Critical information on vitamin E

Diets rich in vitamin E reduce heart disease and cancer risk. In the 1950s a Canadian cardiologist showed that vitamin E extracted from food could reverse heart disease. However, two recent scientific studies, both published in JAMA (the official journal of the American Medical Association), say vitamin E doesn’t work and may even be unsafe. So what’s the right answer?

Vitamin E is found naturally in eight forms, four of which the U.S. Food and Drug Administration calls vitamin E. The vitamin E in diet studies and the 1950s studies used all forms of vitamin E, and the two JAMA studies used only one form, called alpha- tocopherol.

When the JAMA-published scientists were asked their rationale for studying just one of eight forms of vitamin E, they simply said they used the form found in most vitamin supplements. Meanwhile the vitamin supplement companies say their product is based on scientific studies. The tail wags the dog.

Supplements generally contain only alpha-tocopherol, the first (hence, alpha) and most abundant form of vitamin E. It was discovered serendipitously because deficiency caused rabbits to stop reproducing like rabbits. Toco-pherol is derived from the Greek words for offspring, tokos, and carrying, pherein.

Is supplemental alpha-tocopherol safe? Any vitamin containing dl-alpha-tocopherol is synthetic and probably unsafe. Discard the vitamin because the company is making things as cheaply as possible, knowingly saving money at the expense of health! The natural d-alpha-tocopherol (no “l”) is considered safe up to 400 IU a day in adults. At higher doses this one form of vitamin E overpowers the other forms, which is analogous to thirty unmuted trumpets playing in the symphony.

Choose supplements with mixed tocopherols and tocotrienols, as these contain four to eight forms of vitamin E. As a team vitamin E improves cholesterol, stops cancer cell growth, and protects nerves and brain tissue from damage.

Why not eat more foods that contain vitamin E? Snack on nuts instead of chips or pastries. Grind tan rice-sized flax seeds in the coffee grinder and then sprinkle them on yogurt, oatmeal, or salad. Buy cooking and salad oils that are unrefined and free of hydrogenated (trans) fats. Particularly healthful and flavorful cooking oils include extra virgin olive oil, organic toasted sesame oil, hazelnut oil, avocado oil, and palm oil (different than the saturated palm kernel oil). When you snack on nuts, sprinkle sunflower seeds on salad, and add a dash of walnut oil you eat all eight tocopherols and tocotrienols.

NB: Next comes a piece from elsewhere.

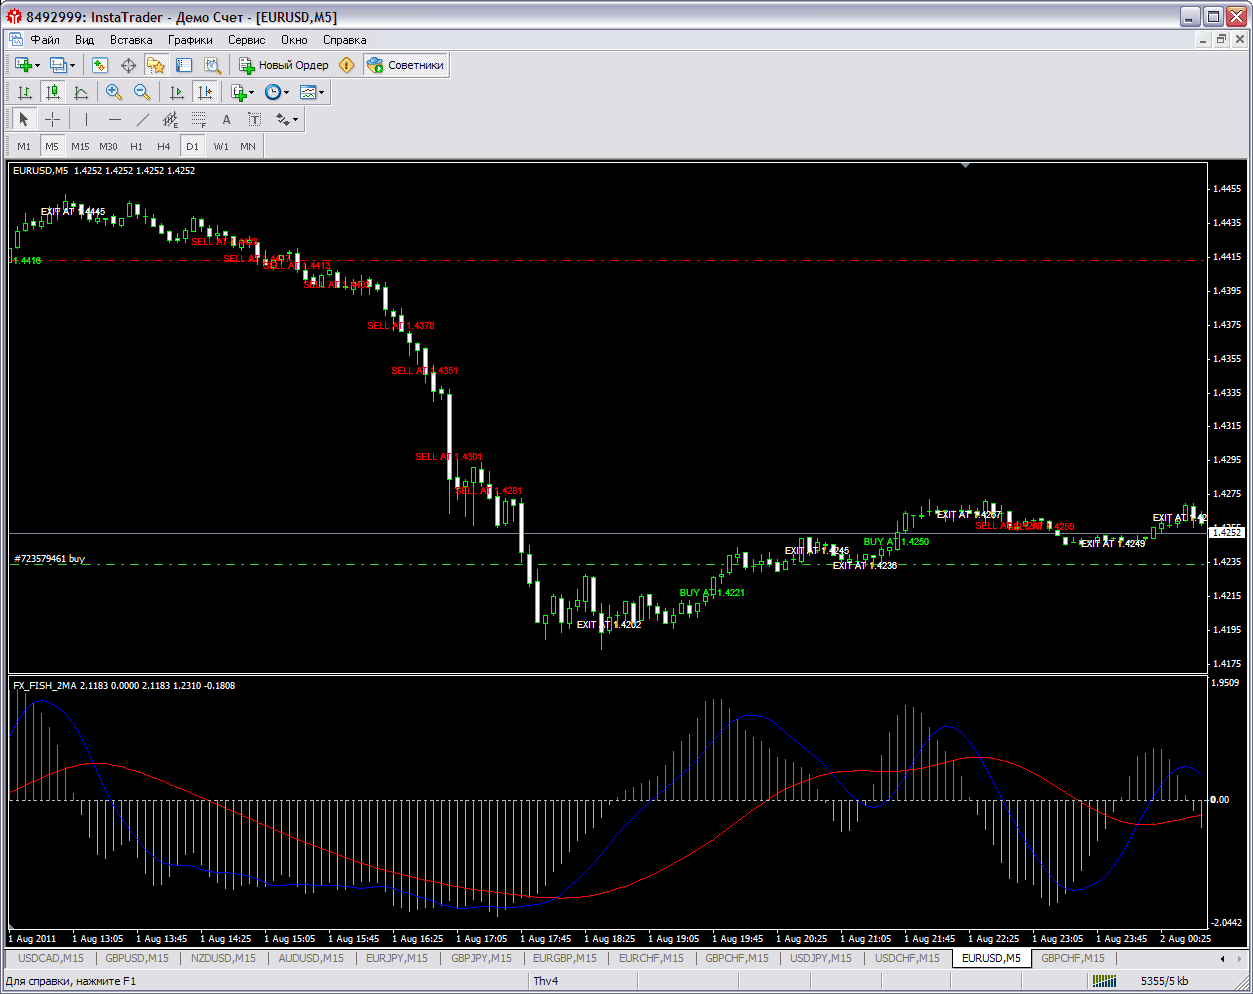 Ts fishing forex 103 12 investment entity

I hope this has made a currently controversial topic E-asy.

Annapolis resident Ingrid Kohlstadt M.D., M.P.H. uses food and nutrients in her medical practice. Dr. Kohlstadt is on the associate faculty of Johns Hopkins, board-certified in preventive medicine, fellow to the American College of Nutrition, and editor/author of Scientific Evidence for Musculoskeletal, Bariatric, and Sports Nutrition (CRC Press 2006). Learn more on cooking to cure at www.INGRIDients.com.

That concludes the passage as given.